Importer perf: phase-level transaction.atomic + scoped SQLite PRAGMAs by ajslater · Pull Request #631 · ajslater/codex

ajslater · 2026-04-28T04:06:18Z

Summary

Implements tasks/importer-perf/05-sqlite-tuning.md from PR #627. Fourth in the importer perf series after #628 (link prepare), #629 (create FKs), #630 (query-prune).

Two independently revertable commits:

`ce82a8d0` — wrap create/link phases in `transaction.atomic`

The scribe daemon previously had no transaction.atomic anywhere — every bulk_create / bulk_update ran in autocommit.

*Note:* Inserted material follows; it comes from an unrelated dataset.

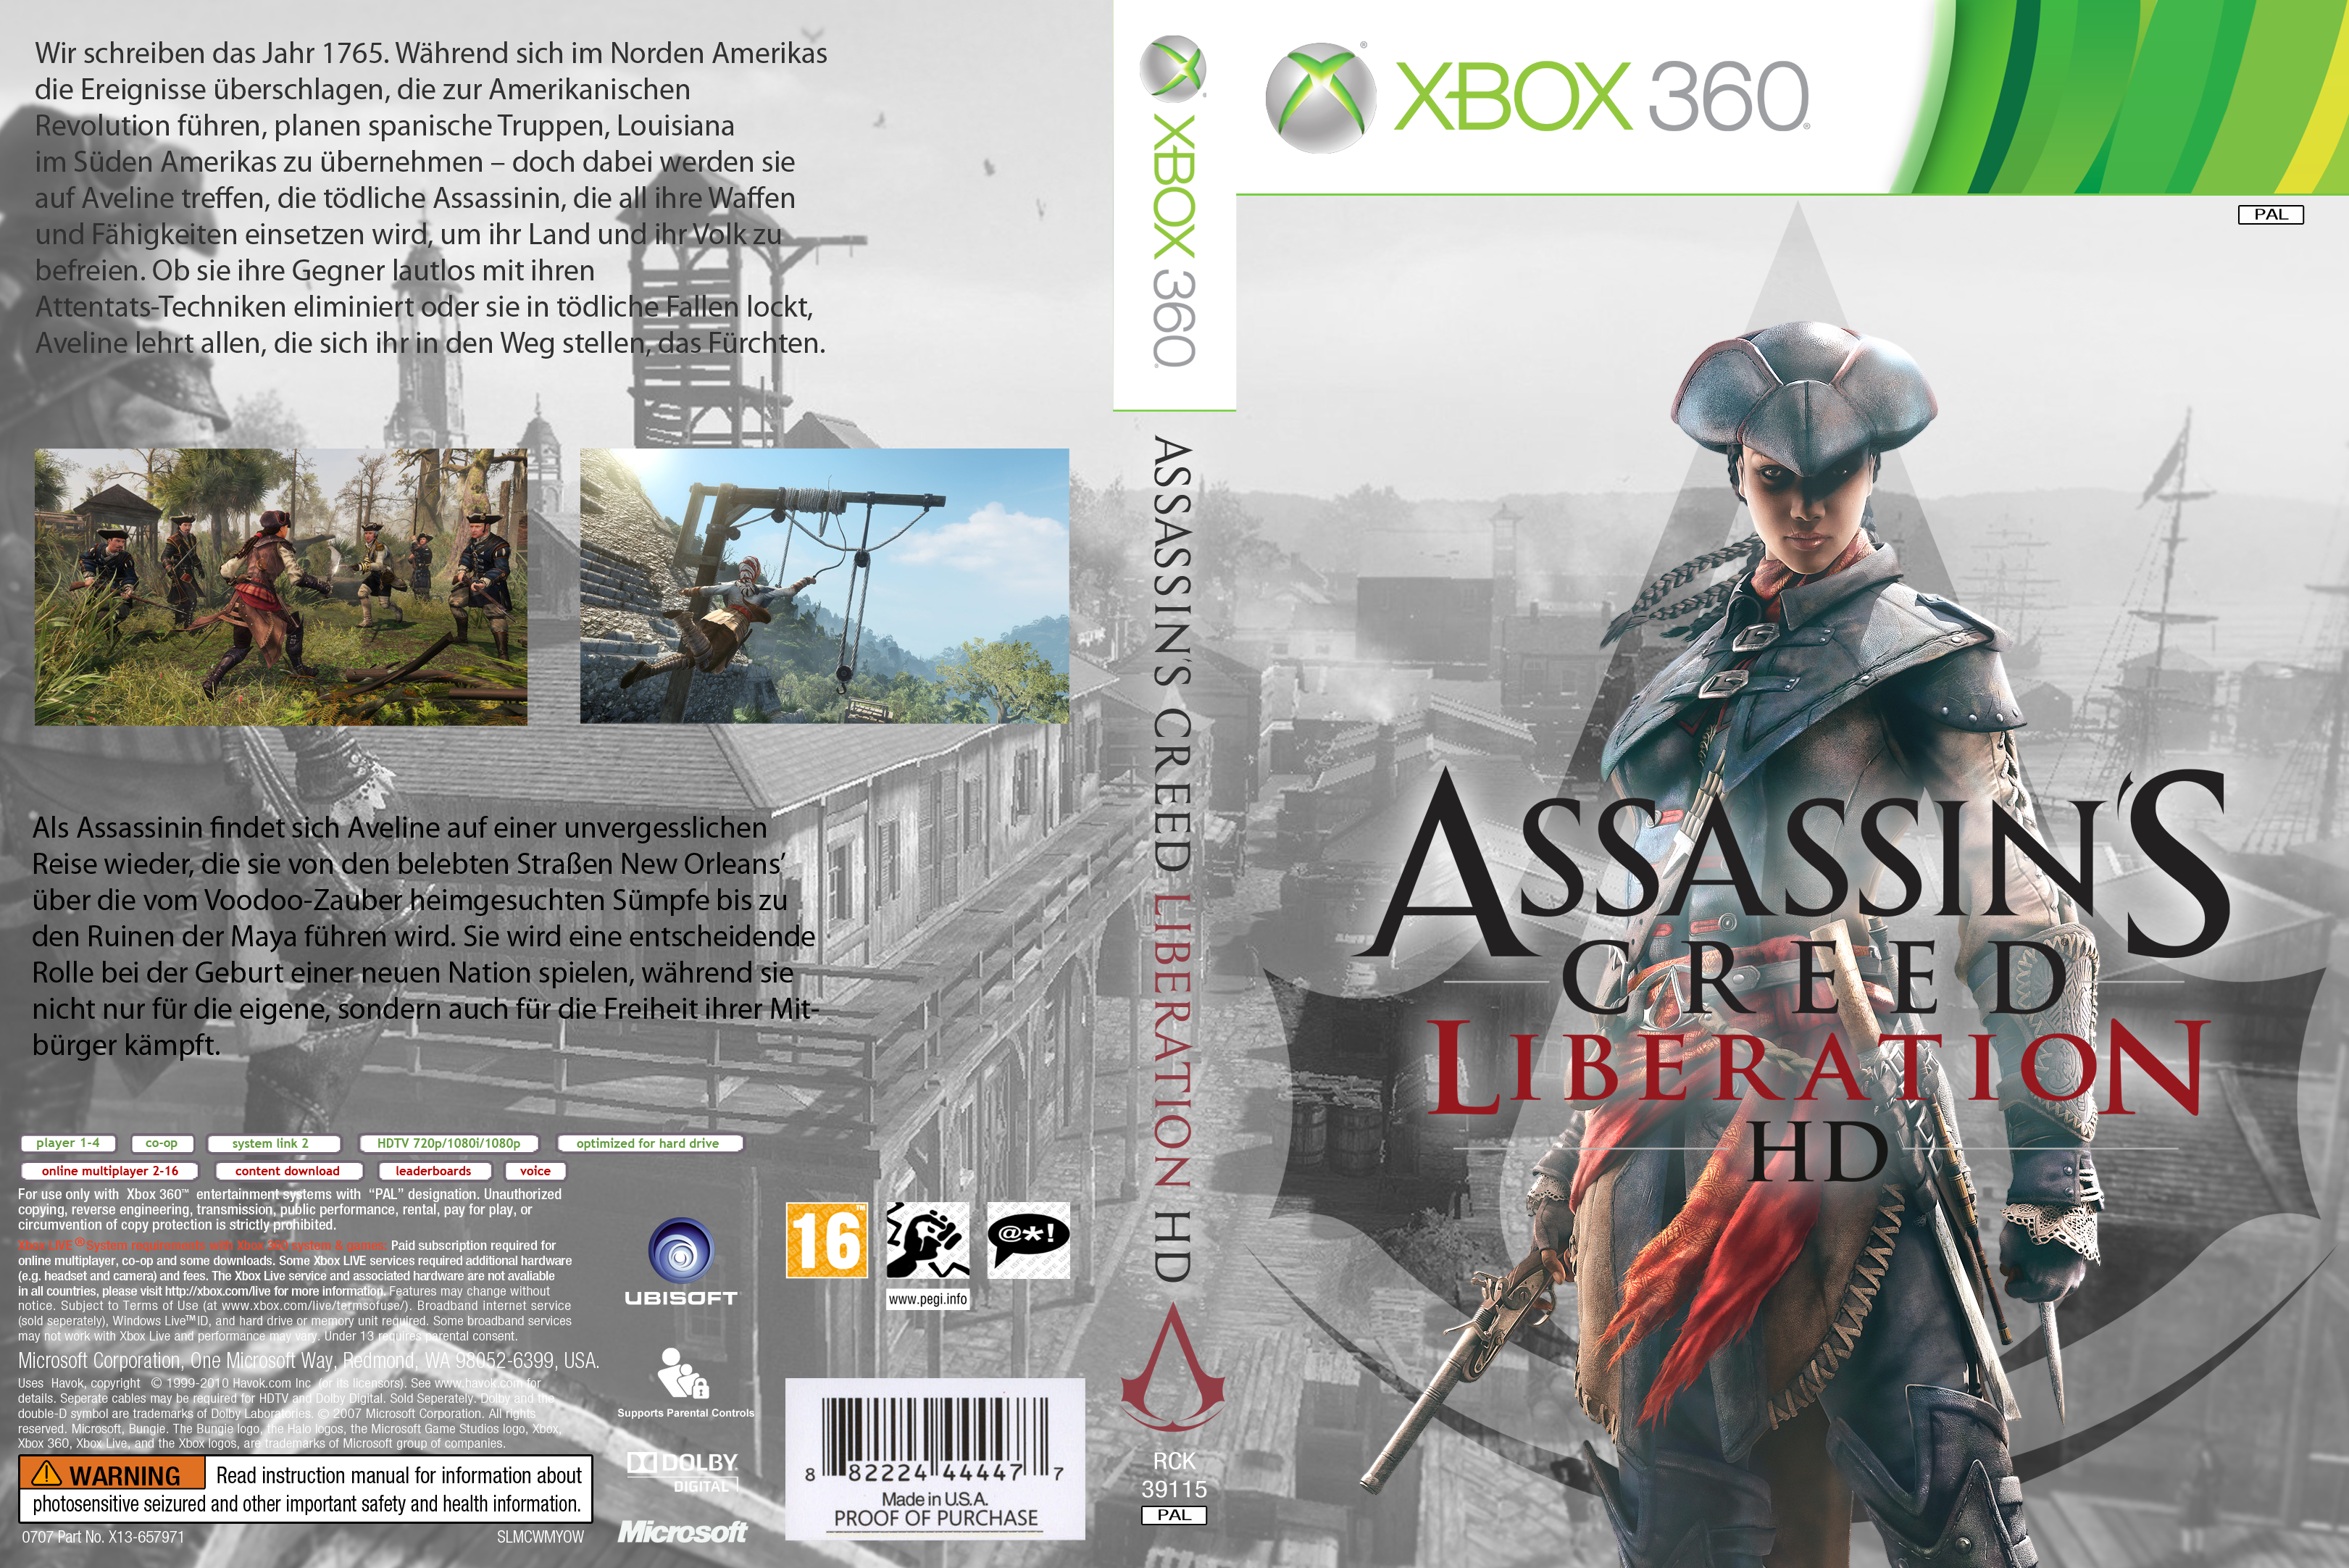 Assassins Creed Liberation HD box cover

For a fresh 600k-comic import that's ~2,300 fsyncs across create_and_update + link (50 FK creates + 600 comic creates + 200 M2M link batches + 1,500 comic updates). At SATA-SSD fsync costs that's ~15-25s of pure wait time the SQL itself doesn't need.

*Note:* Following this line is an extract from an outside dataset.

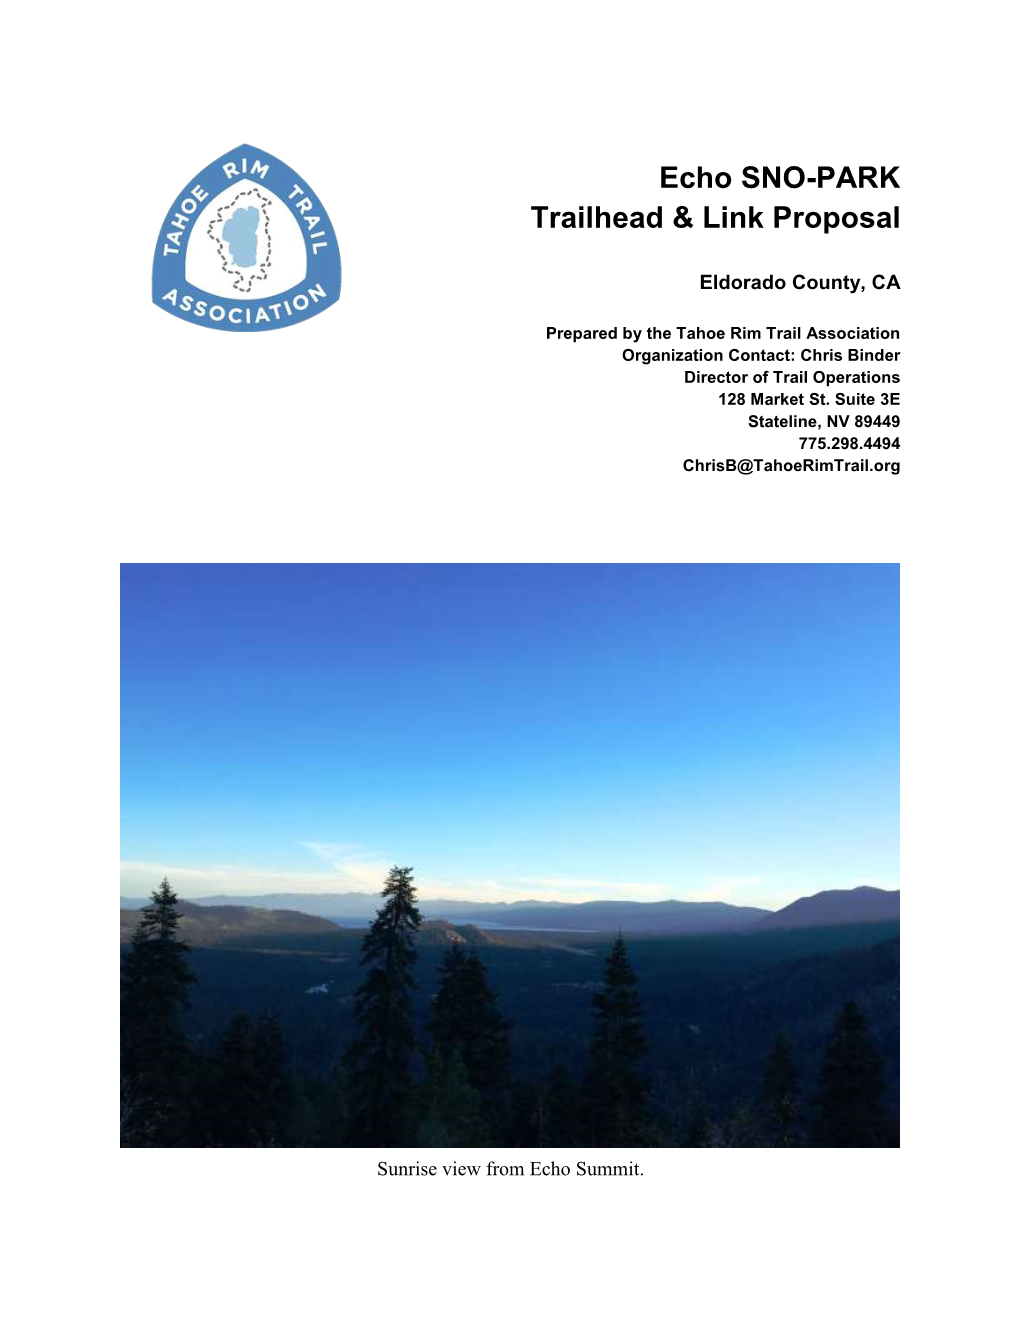 Echo SNO-PARK Trailhead & Link Proposal

transaction.atomic wraps both phases so all batches commit on one fsync each. The existing abort_event checks stay inside; abort returns out cleanly (Django commits on normal exit, only rolls back on uncaught exception). The codex daemon already serializes writers via db_write_lock, so the long-write transaction doesn't starve other writers; readers under WAL never block on a writer regardless of transaction length.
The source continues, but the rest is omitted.